Input data below:

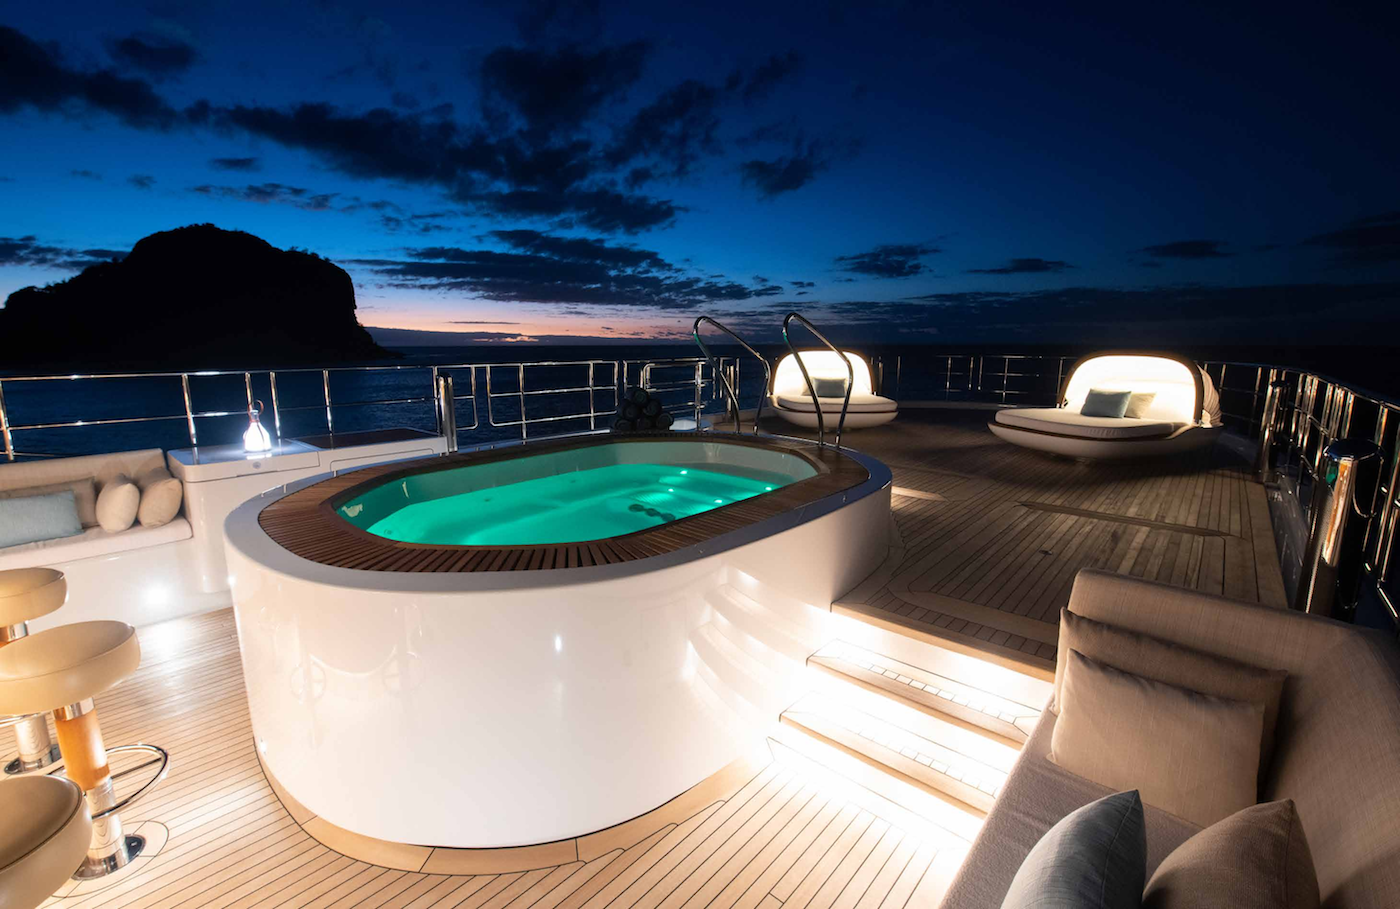 Jacuzzi By Night
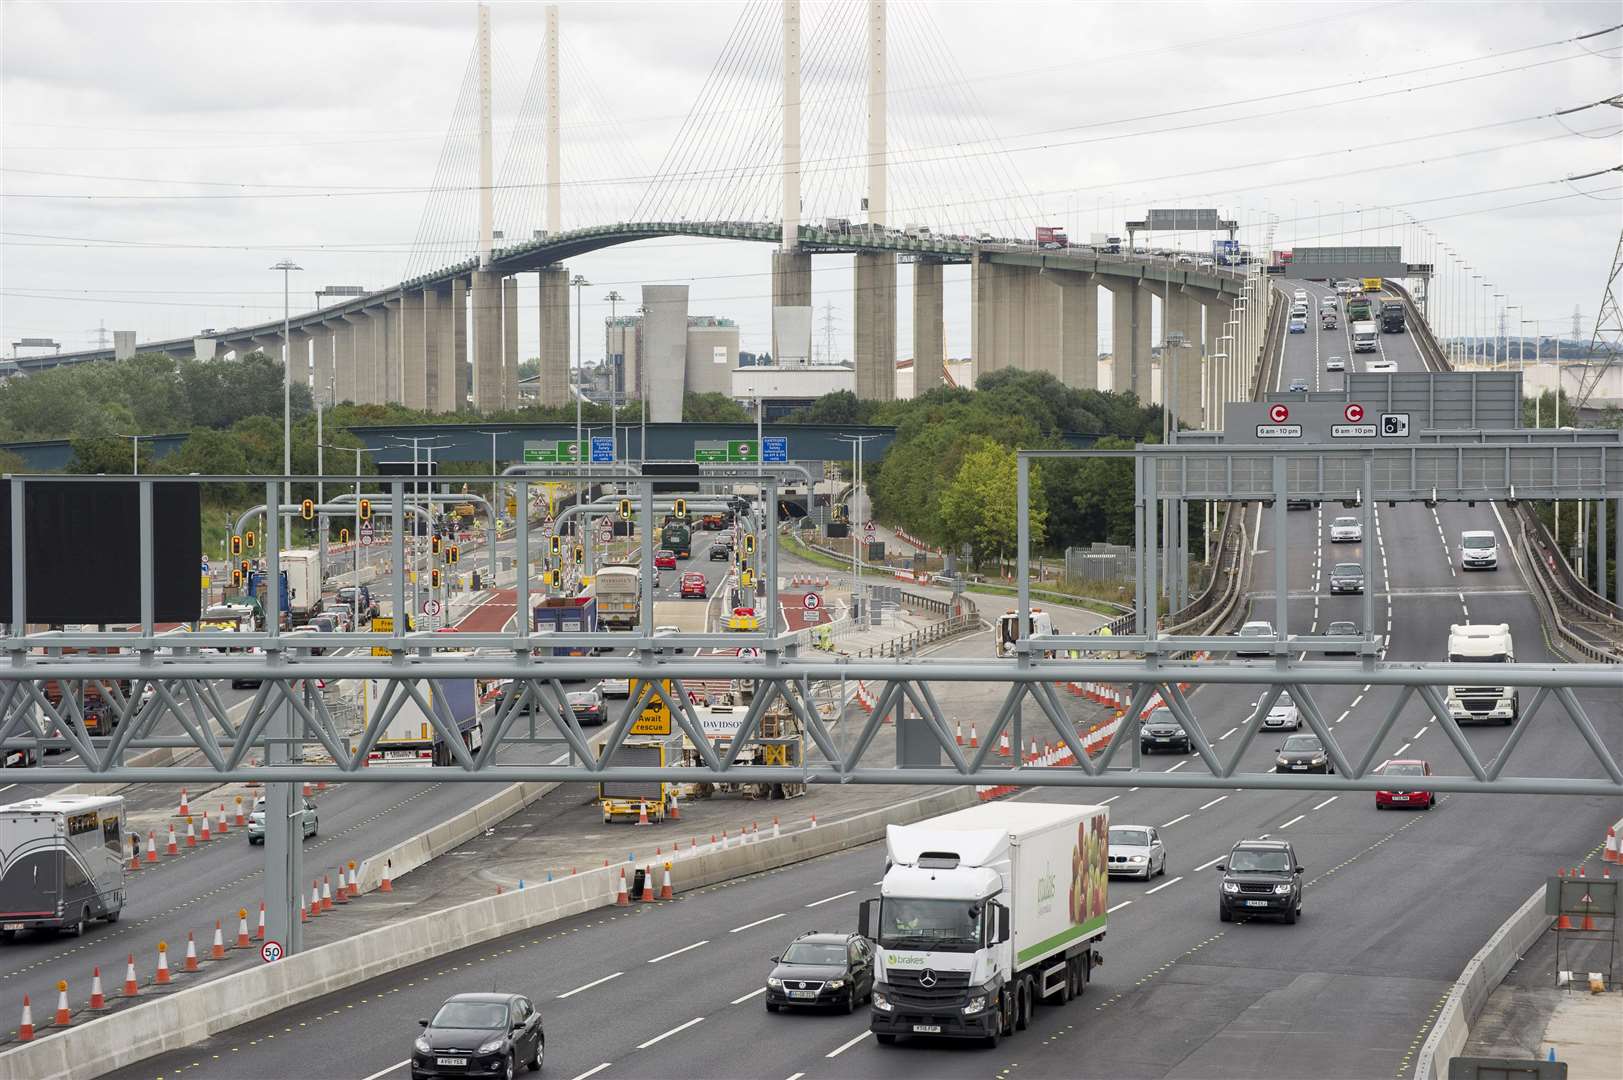 Views of the approach to the Dartford Crossing, from the Erith bridge on the A206
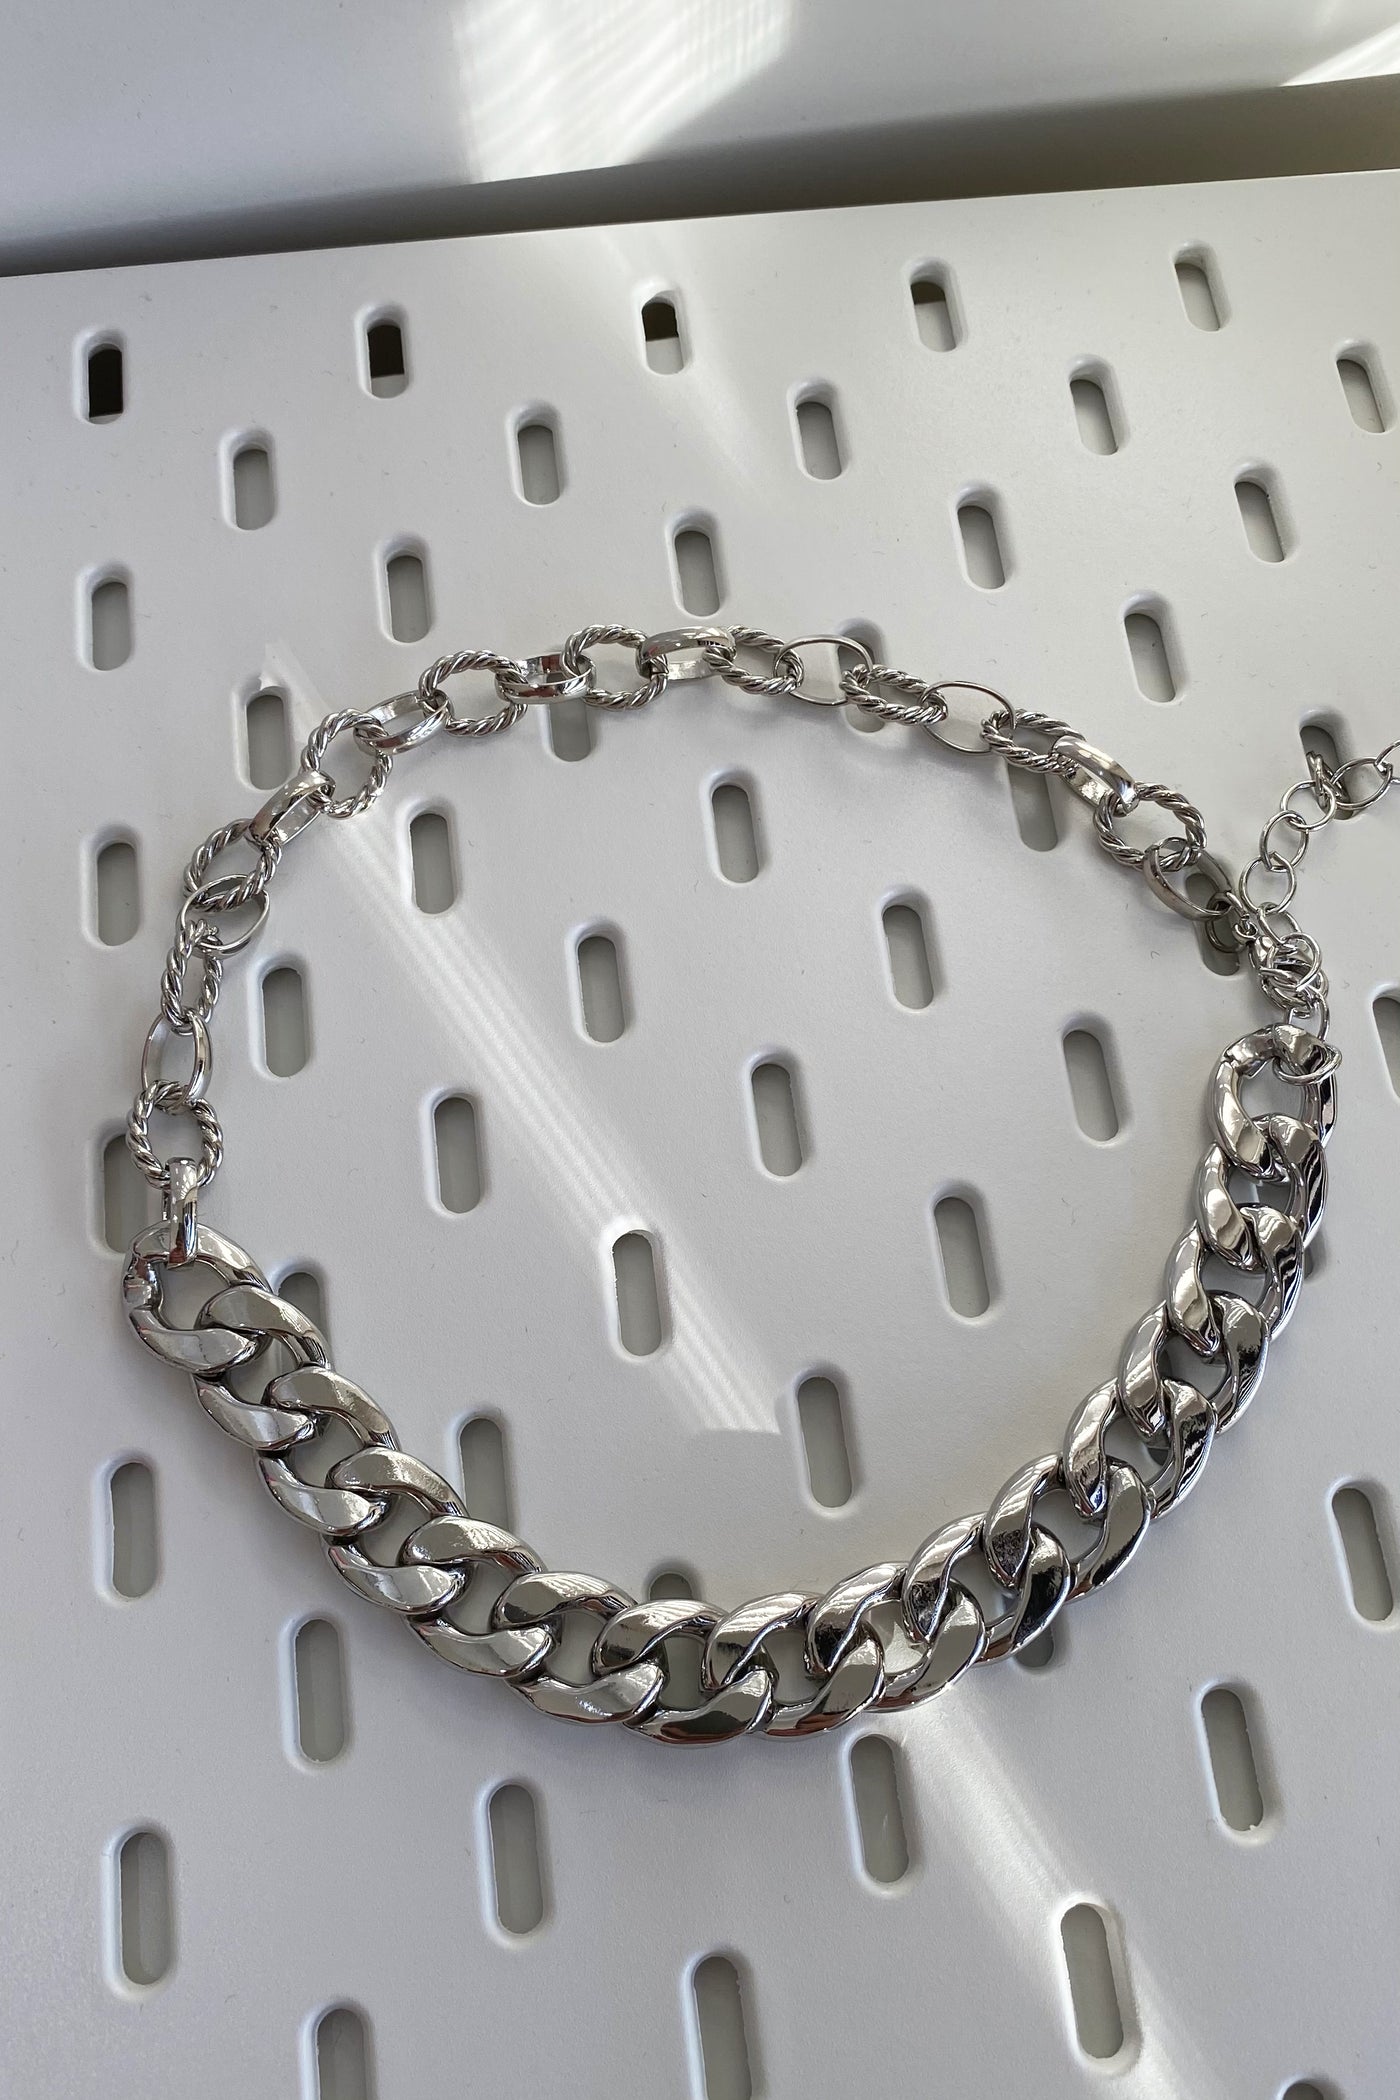 Chain Reaction Chunky Necklace - Silver

End of Input data.

What this task involves:
What is needed is the whole listing again, exactly as written, with the images left out.

Exercise output:
 Jacuzzi By Night
 Views of the approach to the Dartford Crossing, from the Erith bridge on the A206
 Chain Reaction Chunky Necklace - Silver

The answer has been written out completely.